As for Mansfield’s final days at Fontainebleau, I felt oddly comforted by the retelling of this from an imagined point of view, and couldn’t help recalling Vincent O’Sullivan ‘s comments at the KM Symposium in Melbourne in 2010 when he wrapped up the two-day seminar with a most insightful, carefully construed and empathetic interpretation of Katherine Mansfield’s final days at Gurdjieff’s Institute at Fontainebleau - the fact that this ending of her life in his words “continues to be an awkward biographical fact for many who write on her.” Well, Joanna FitzPatrick has tackled this and rather well. Professor O’Sullivan seemed to imply that Katherine in choosing this particular place to be at that time, was finally, heroically (bravely), meeting life and death on her own times. I felt that FitzPatrick captured this.
In conclusion, here is another tribute to Katherine Mansfield. Joanna FitzPatrick has put a lot of time and energy into honouring Katherine Mansfield. I admire her enthusiasm, the courage in doing this. Mind you, I was pretty cross when I read the credits, to see that she was deeply indebted to Margaret Scott and Victor (yes, that’s what is printed) O’Sullivan (instead of course, of Emeritus Professor Vincent O’Sullivan)...grrr... I think that was even worse than ‘ornery’.

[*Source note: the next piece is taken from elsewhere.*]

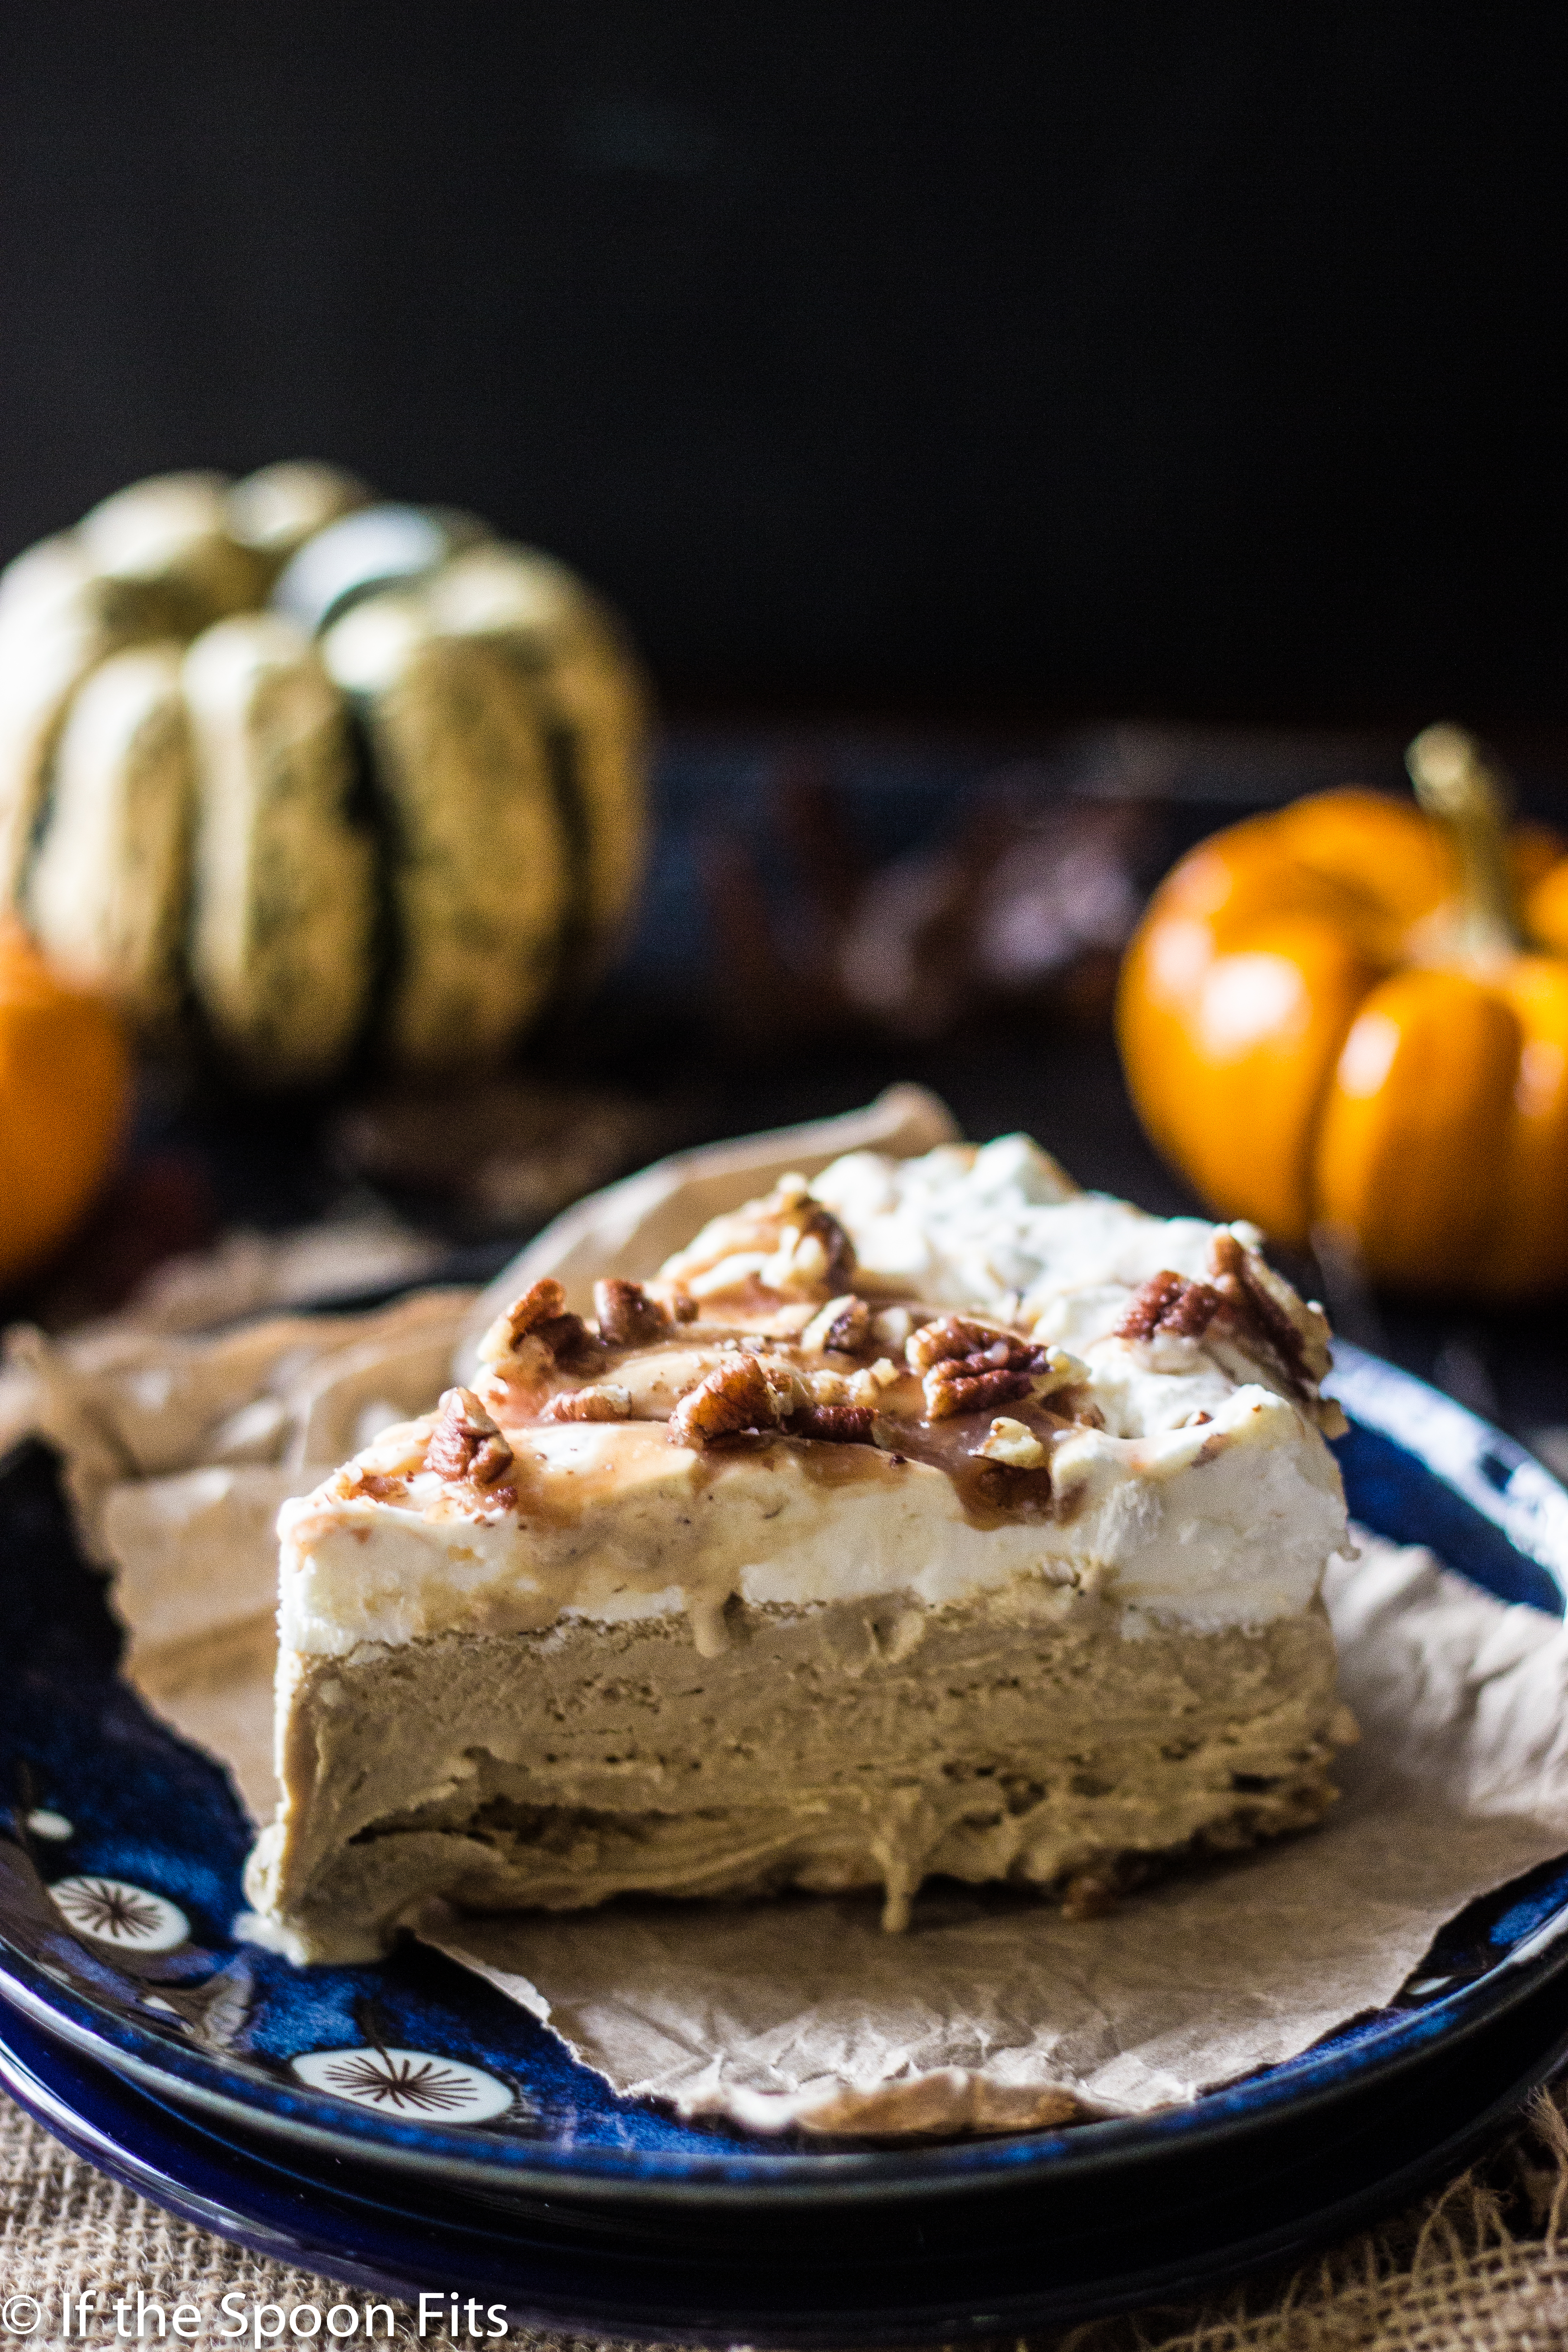 February 2016 Recipes 2016 10 24 Pumpkin Pecan Ice Cream >> Pumpkin Pecan Ice Cream Pie With Salted Bourbon Caramel If The

P.S. I’ve just finished writing this and Googled (I don’t do this before I write a review) and see Tim Jones also took umbrage at the dot on the horizon, but like me, he kept reading, and liked what he read.
Footnote:
Maggie Rainey-Smith (right) is a Wellington novelist/poet/bookseller and regular guest reviewer on Beattie's Book Blog. She is also Chair of the Wellington branch of the NZ Society of Authors.